# Carbide Inserts For Sherline Tools 2255 And 2258



## Gburgswmich (Jan 19, 2016)

Hello all,
I just purchased a sherline lathe and am waiting on the carbide tipped tools to deliver. Obviously Sherline wants me to buy their inserts, but I'd like to look at other options. Does anyone know for sure what inserts will work in these tools? 

At a glance I'd say CCMT inserts and maybe vnga?? There are so many different inserts available there's no way I'm going to get this right without help. And I really don't want to pay $20 an insert through sherline. Any help is appreciated. I'll try posting a pic of the tools...


----------



## Gburgswmich (Jan 19, 2016)

The inserts are 55 degrees and 80 degrees.
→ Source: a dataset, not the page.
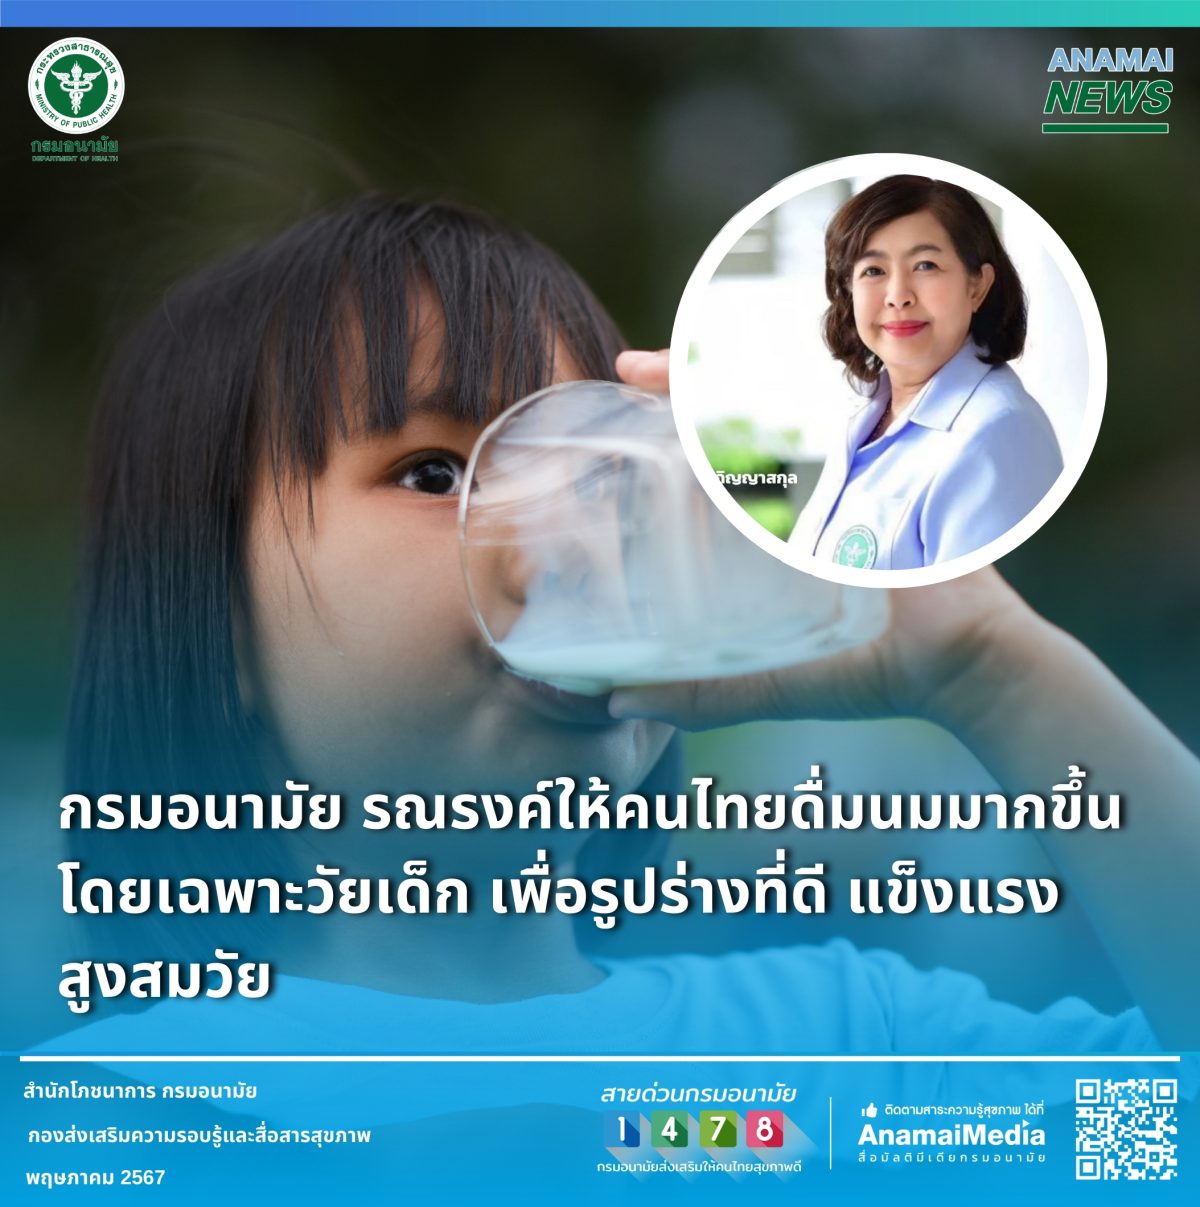 กรมอนามัย รณรงค์ให้คนไทยดื่มนมมากขึ้น โดยเฉพาะวัยเด็ก เพื่อรูปร่างที่ดี แข็งแรง สูงสมวัย

55 degree insert shown below


----------



## Gburgswmich (Jan 19, 2016)

80 degree insert shown


----------



## kvt (Jan 19, 2016)

Not sure,  But you should be able to measure them then get on line with some of the companies that provide them and find a replacement.


----------



## Gburgswmich (Jan 19, 2016)

Thanks!
I haven't received the tools yet, but I'll do that once I receive them. 



kvt said:


> Not sure,  But you should be able to measure them then get on line with some of the companies that provide them and find a replacement.


----------